The defenses interposed by defendant's answer and relied on to defeat plaintiff's claim were, that the buildings insured had become, were and remained vacant and unoccupied at the time of the fire and for ten days prior thereto, and thereby under the express terms of the contract of insurance the policy became void; that the application for insurance filed with defendant, which was made part of the policy and a warranty of the insured, stated that the two dwellings insured were occupied as a dwelling by one Maloy as sexton, and that such warranty was false and untrue, and that such buildings were not occupied by Maloy or anyone else as a residence, but when occupied at all were used as pesthouses, and finally that it was agreed under the policy that if the hazard should be increased by any means within control or knowledge of the insured, the policy should be null and void, and that the hazard was so increased by the change of occupancy from dwellings as represented in the policy and application to pesthouses.

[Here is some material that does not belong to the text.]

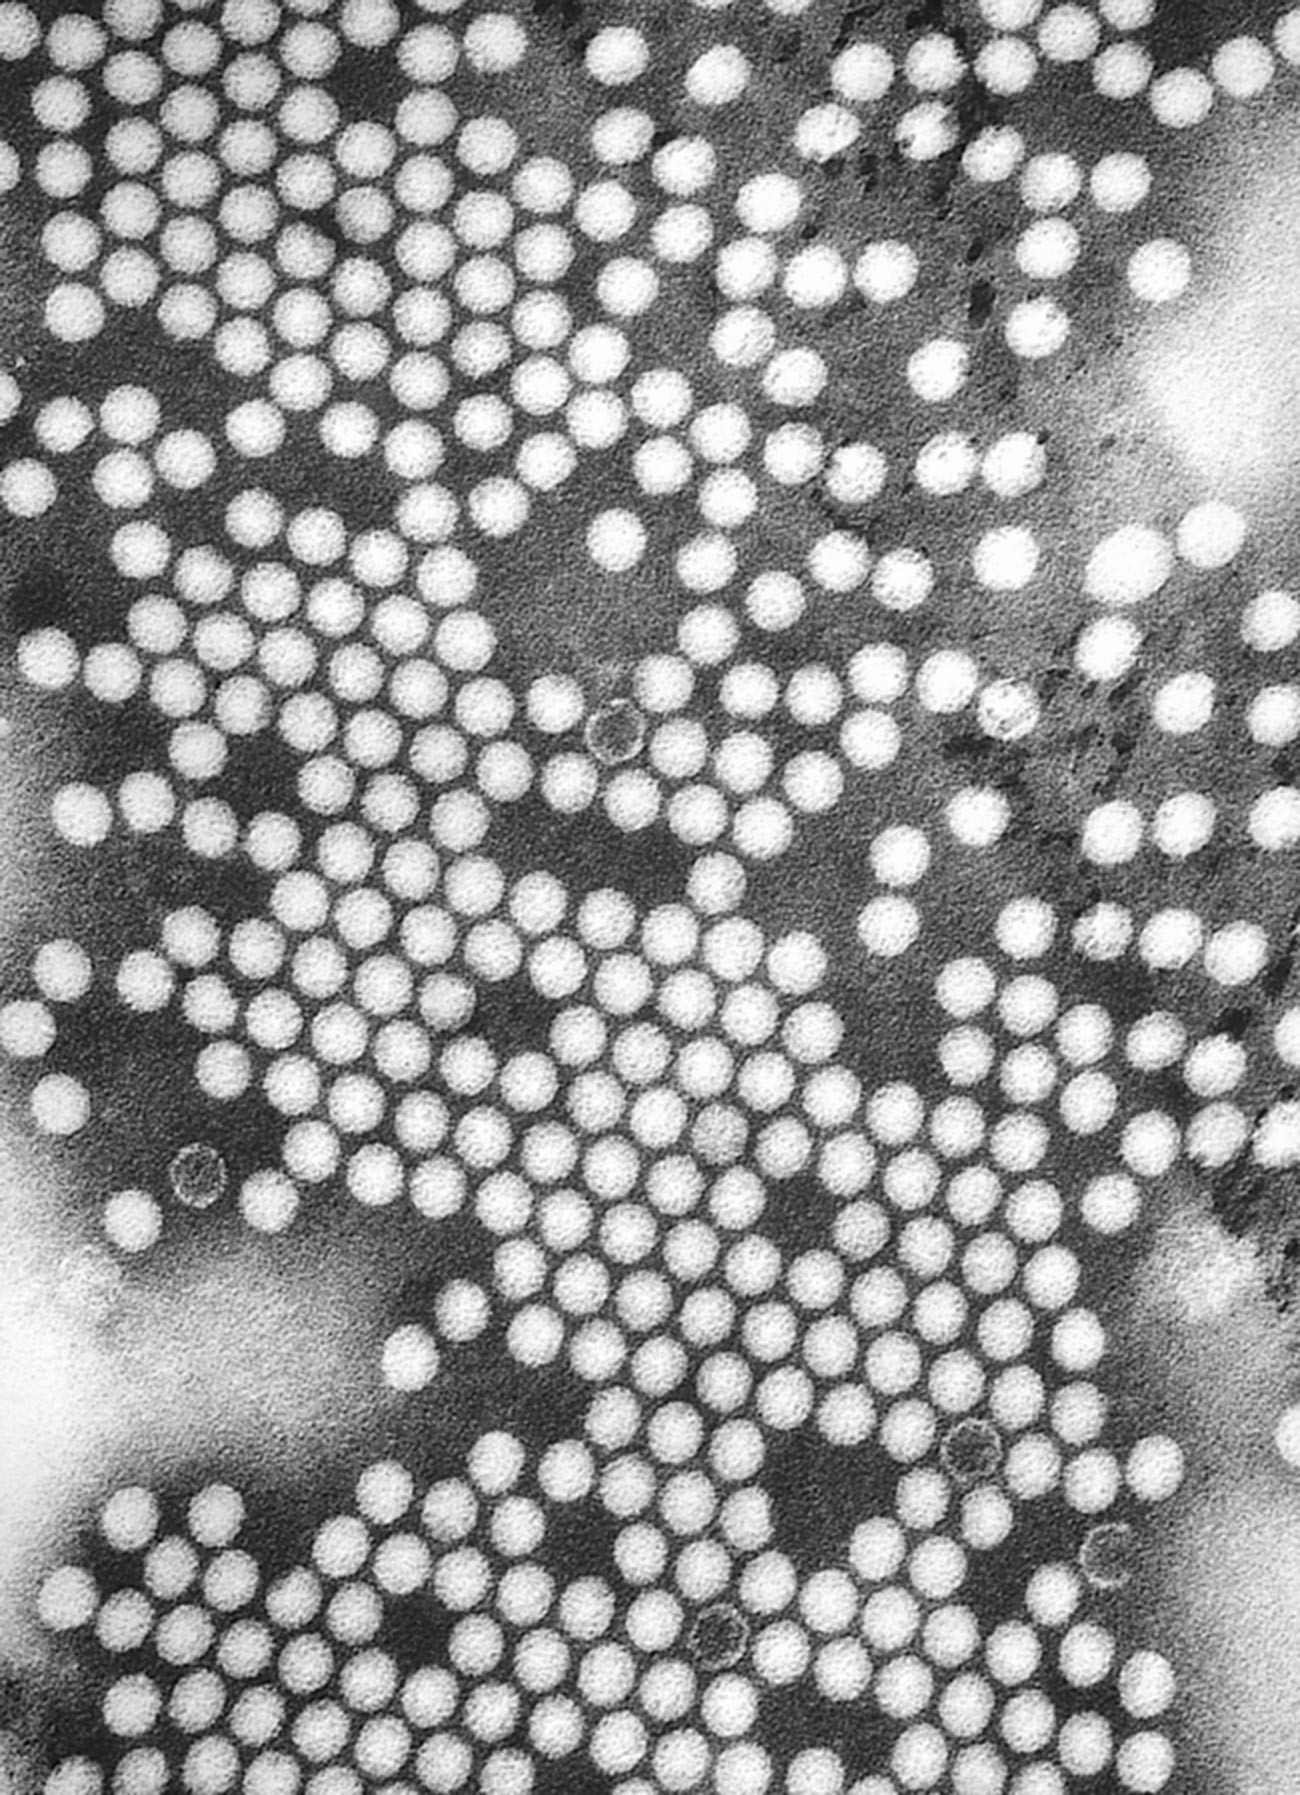 Elektronska mikro fotografija virusa poliomielitisa

The reply contained averments charging and constituting a waiver of the provisions of the policy invoked by defendant's answer.

The local representative of defendant, a resident of De Soto, had sold the property to plaintiff, wrote the application for issued and countersigned the policy. He acknowledged that at the time he prepared the application and inserted therein statements to the effect that the property was occupied by the city sexton, and used as a cemetery by the city, and incorporated therein that if permitted to write the risk he would secure the insurance of all the other property of plaintiff, and added a recommendation therein to defendant not to decline...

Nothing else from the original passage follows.